Cependant au tournant des années 1990, al-Qaïda change de stratégie. Selon Le Monde : « L'invasion du Koweït par l’Irak en 1990, le débarquement des troupes américaines en Arabie saoudite et l’opération « Tempête du désert », qui chasse l’armée de Saddam Hussein de l’émirat, ont rebattu les cartes. Ben Laden préconise de combattre non seulement le régime saoudien impie et corrompu, mais également « l’ennemi lointain », à savoir les États-Unis, dont les forces souillent la terre des deux mosquées sacrées ». Al-Zawahiri se range à ses vues et dès lors la « priorité n’est plus l’Égypte, mais le djihad transnational au sein d’un Front islamique mondial pour la guerre sainte contre les Juifs et les croisés ». Il rompt également totalement avec la confrérie des Frères musulmans égyptiens, qui ont refusé ou renoncé à l'usage de la violence.
Al-Zawahiri passe en Russie avec deux lieutenants le 1er décembre 1996 et tente de gagner la Tchétchénie pour y établir une base d'opérations. Il est arrêté le jour même au Daghestan avec de faux passeports. Se faisant passer pour de simples hommes d'affaires et bénéficiant d'un lobbying demandant la libération de ces simples marchands, ils sont relâchés au bout de six mois de prison.
En 1997, Ayman Al-Zawahiri est tenu pour responsable du massacre de Louxor, où sont tuées 62 personnes, dont 58 touristes étrangers. Il est condamné à mort par contumace en 1999 par un tribunal militaire égyptien. Cependant l'attentat est en réalité le fait du Gamaa al-Islamiya, qui n'est pas lié à Al-Zawahiri.
En 1998, Al-Zawahiri rejoint Ben Laden en Afghanistan, où les talibans ont pris le pouvoir.

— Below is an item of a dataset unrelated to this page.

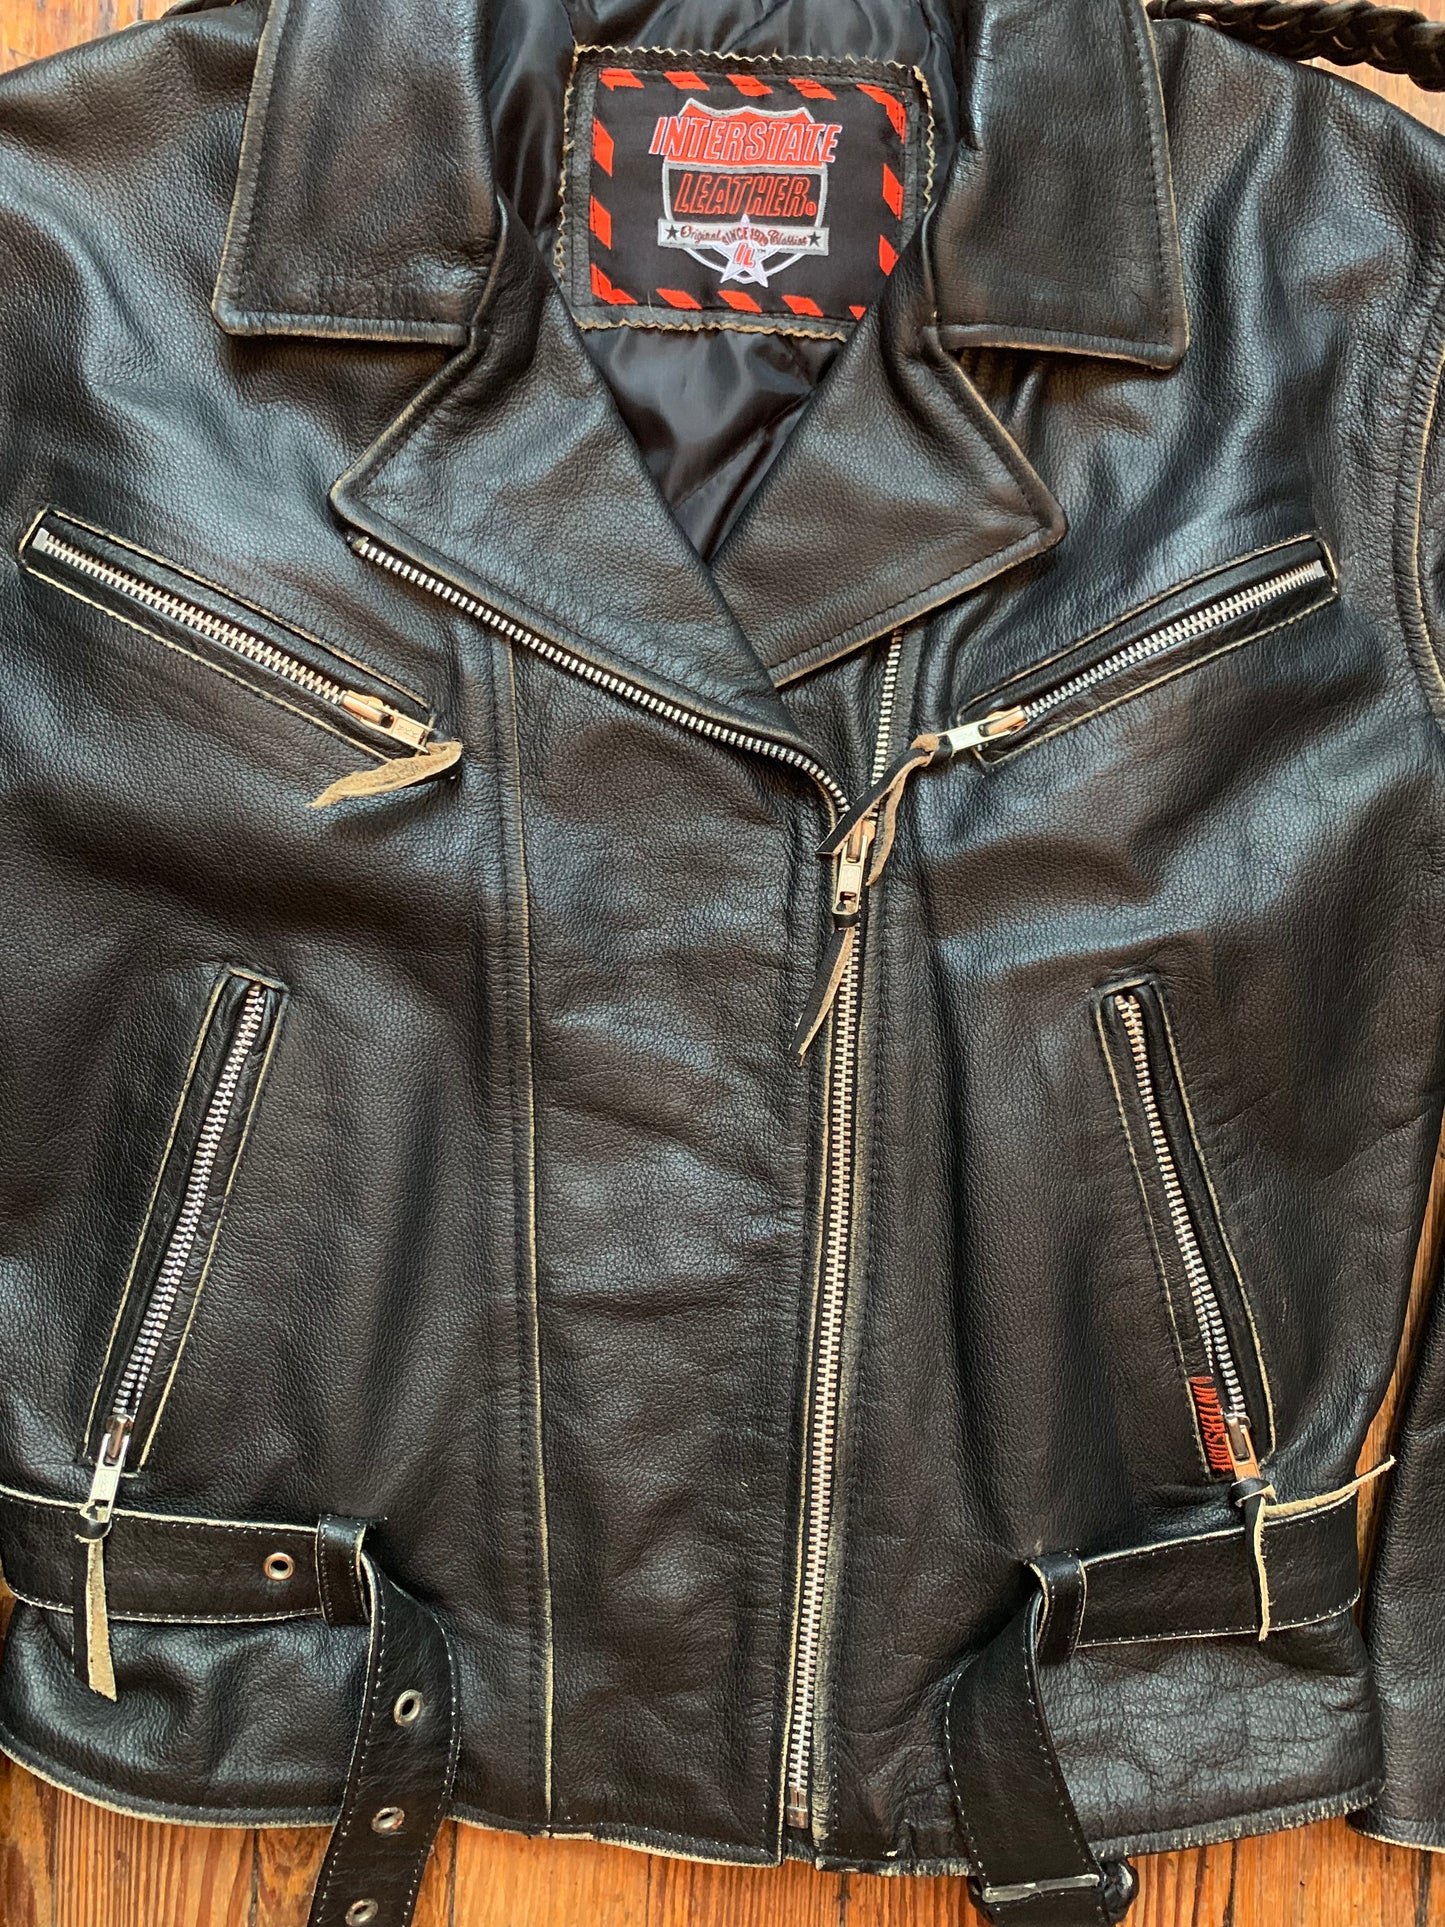 Vintage Interstate Leather Motocycle Jacket w/ Braid Detail

Le 23 février 1998, il développe ses vues dans un texte écrit avec Oussama Ben Laden sous le titre « Le Front islamique mondial contre les juifs et les croisés ». Ce texte constitue un pas important permettant d'élargir ses combats à l'échelle planétaire. Ainsi le Jihad islamique rejoint la nébuleuse d’Al-Qaïda (le Jihad islamique sera reconstitué en partie sous le nom de Talaëh al-Fatah).

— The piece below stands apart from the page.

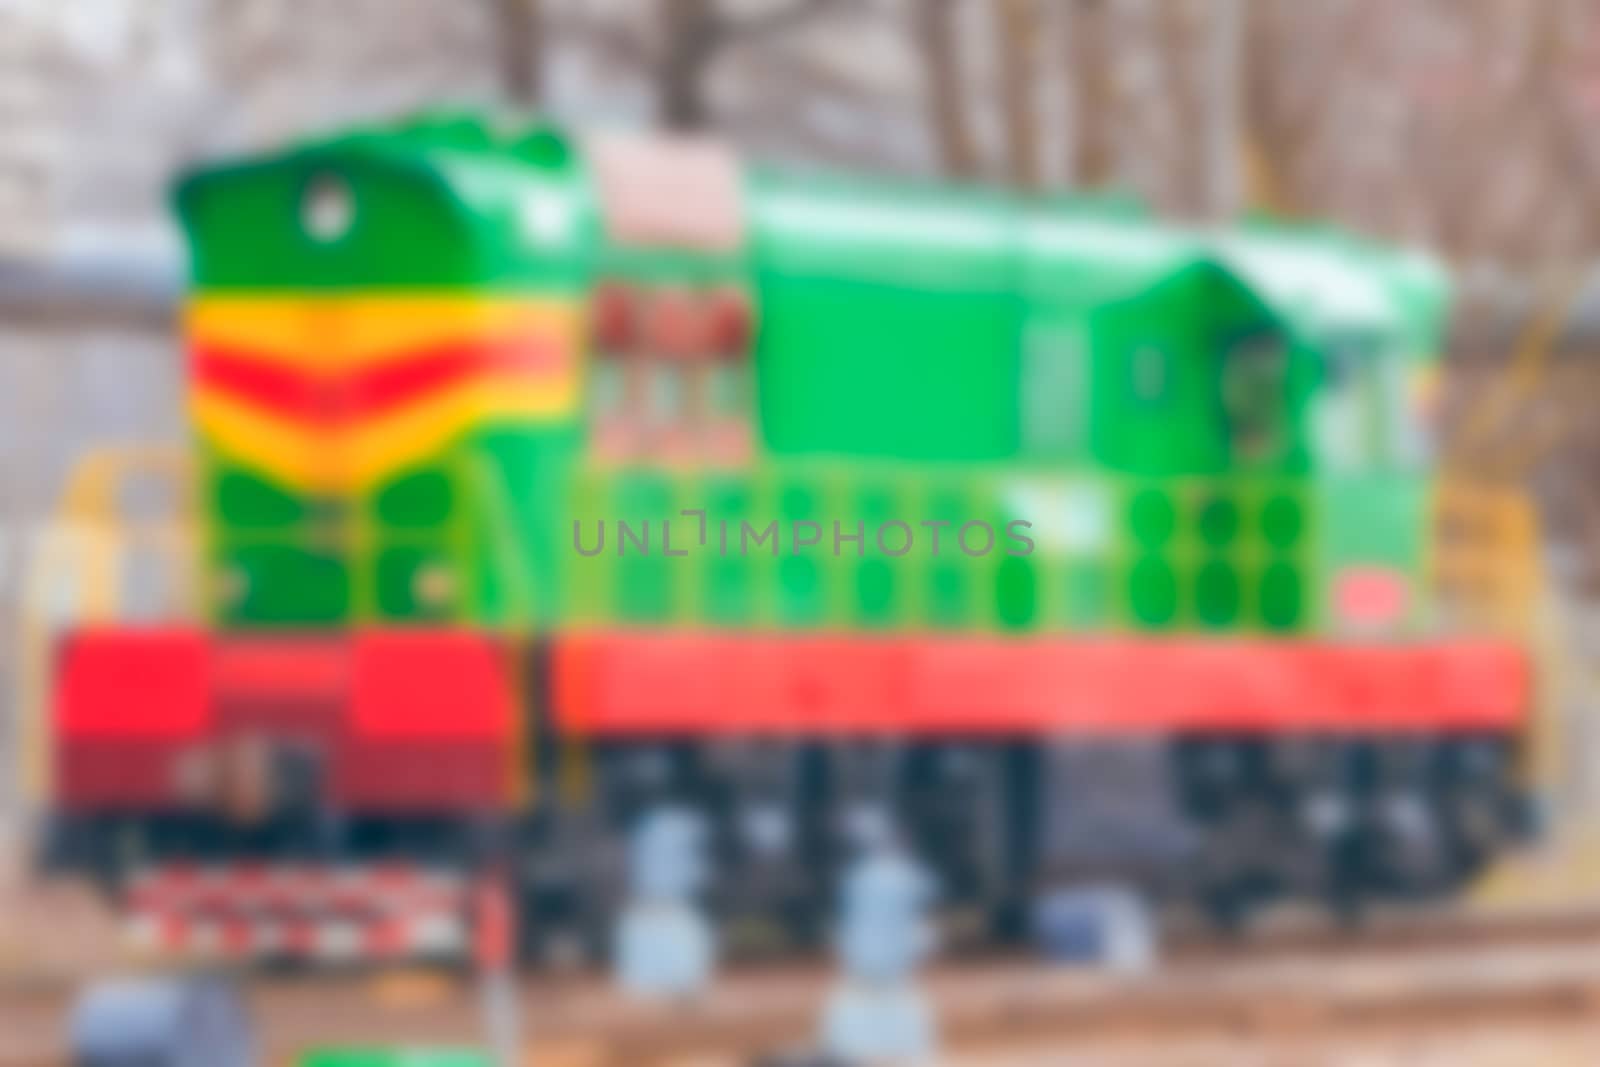 Freight train - soft lens bokeh image. Defocused background

Après la deuxième Guerre d'Afghanistan, on perd la trace de Ayman Al-Zawahiri. Certaines sources, en 2002, relatent son assassinat par des forces inconnues mais, début septembre 2003, une vidéo montrant Ayman Al-Zawahiri et Ben Laden ainsi qu'un enregistrement audio, relayé par la chaîne qatarienne Al Jazeera, laissent supposer qu'ils sont tous deux en vie. Le département d'État des États-Unis offre une récompense de 25 millions de dollars pour des informations pouvant mener à l'arrestation d'Ayman al-Zawahiri, considéré comme impliqué, notamment, dans les attentats à la bombe du 7 août 1998 à Dar es Salam en Tanzanie et à Nairobi au Kenya. Ce même département l'a officiellement placé en deuxième position, sur une liste de 22, des terroristes les plus recherchés. Sur sa fiche de recherche du FBI, il est mentionné qu'il parle arabe et français.